A Debian user has recently discovered that systemd prevents the skipping of fsck while booting:
With init, skipping a scheduled fsck during boot was easy, you just pressed Ctrl+c, it was obvious! Today I was late for an online conference. I got home, turned on my computer, and systemd decided it was time to run fsck on my 1TB hard drive. Ok, I just skip it, right? Well, Ctrl+c does not work, ESC does not work, nothing seems to work. I Googled for an answer on my phone but nothing. So, is there a mysterious set of commands they came up with to skip an fsck or is it yet another flaw?
One user chimed in with a hack to work around the flaw, but it involved specifying an argument on the kernel command line. Another user described this so-called "fix" as being "Pretty damn inconvenient and un-discoverable", while yet another pointed out that the "fix" merely prevents "systemd from running fsck in the first place", and it "does not let you cancel a systemd-initiated boot-time fsck which is already in progress."
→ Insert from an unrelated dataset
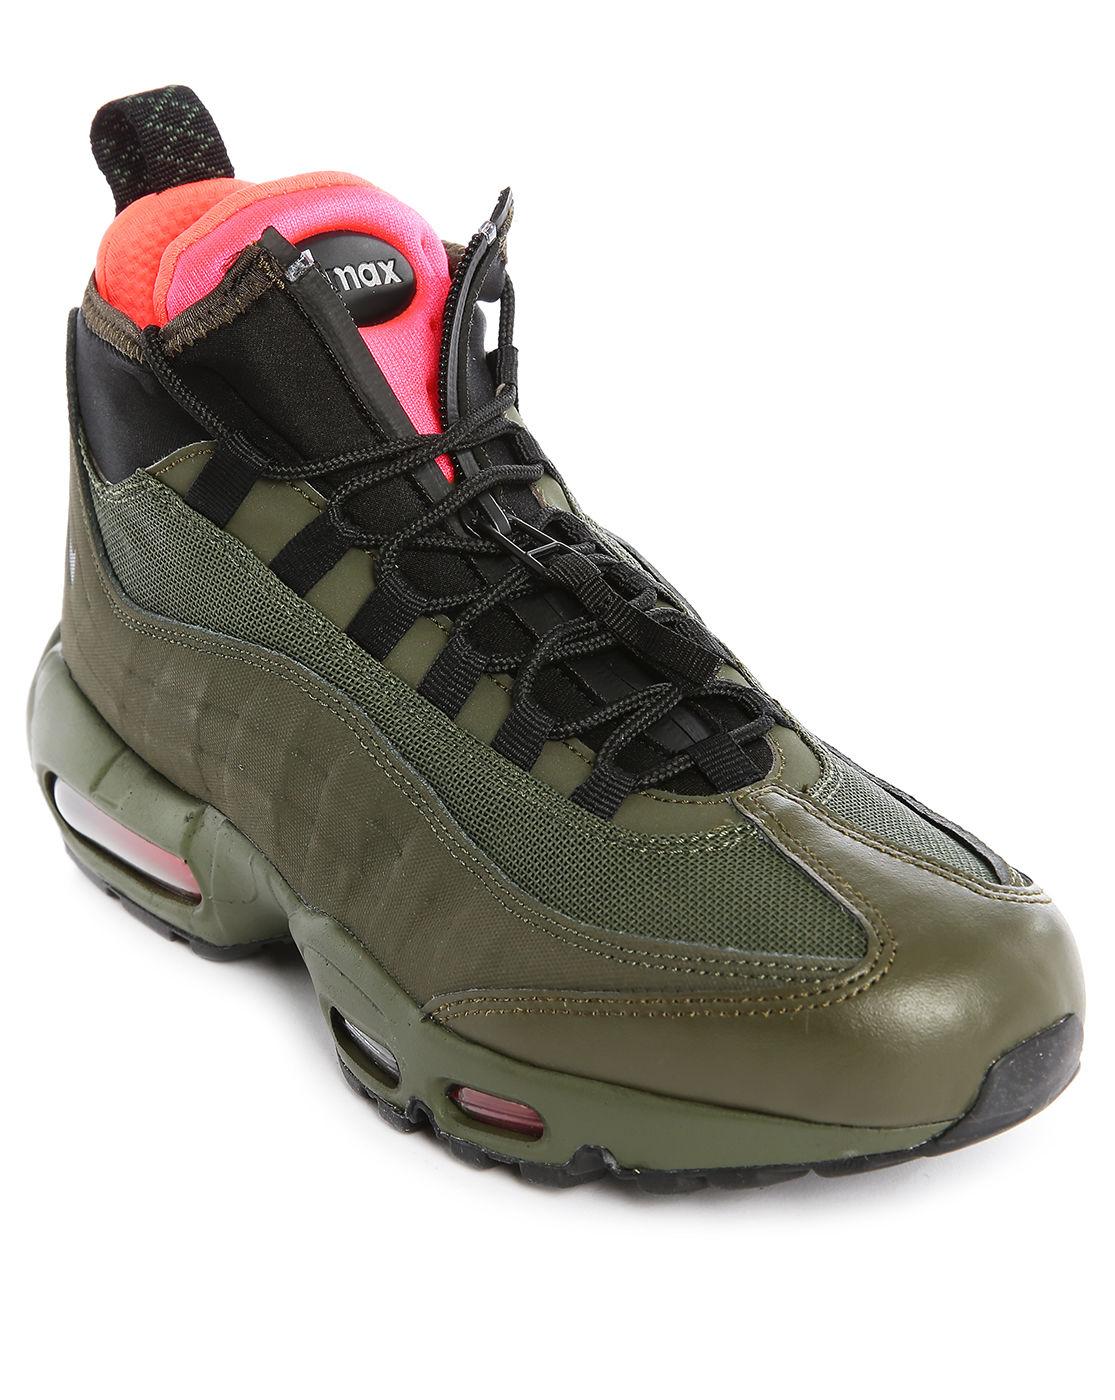 nike air max 95 sneakerboot groen

Further investigation showed that this is a known bug with systemd that was first reported in mid-2011, and remains unfixed as of late December 2014. At least one other user has also fallen victim to this bug.
How could a severe bug of this nature even happen in the first place? How can it remain unfixed over three years after it was first reported?
(Score: 0) by Anonymous Coward on Sunday December 21 2014, @03:14AM
Give me the neckbeards over the hipsters any day! While the neckbeards treated us like total shit, at least their software worked well. The hipsters who've taken over? They treat us like total shit, but their software (Firefox, GNOME 3, systemd, and modern Debian, I'm looking at you!) doesn't fucking work, either.
(Score: 0) by Anonymous Coward on Sunday December 21 2014, @10:04AM
I never really got what it was about, but just figured out that the relatively recent "neckbeard" insult is the hipsters talking about me.
hmmph. talking shit about K&R gurus as they try to climb whatever ladder they're trying to climb.
pricks.
(Score: 0) by Anonymous Coward on Sunday December 21 2014, @02:31PM
K, R, and some of their contemporaries weren't "neckbeards". They were "pioneers", who had well-groomed beards.
The "neckbeard" insult came about in the 1980s, when fat slobs with unkempt beards started running widely-used UNIX systems at colleges and businesses. These people were total shitbags, who instead of helping users would often act all high-and-mighty and play "God". They were also known for having unusually small penises, hence the grasping for power in any way they could.
(Score: 0) by Anonymous Coward on Sunday December 21 2014, @04:42PM
https://i.imgur.com/QWkbh.jpg [imgur.com]
UNIX beards - required for POSIX.1 compliance.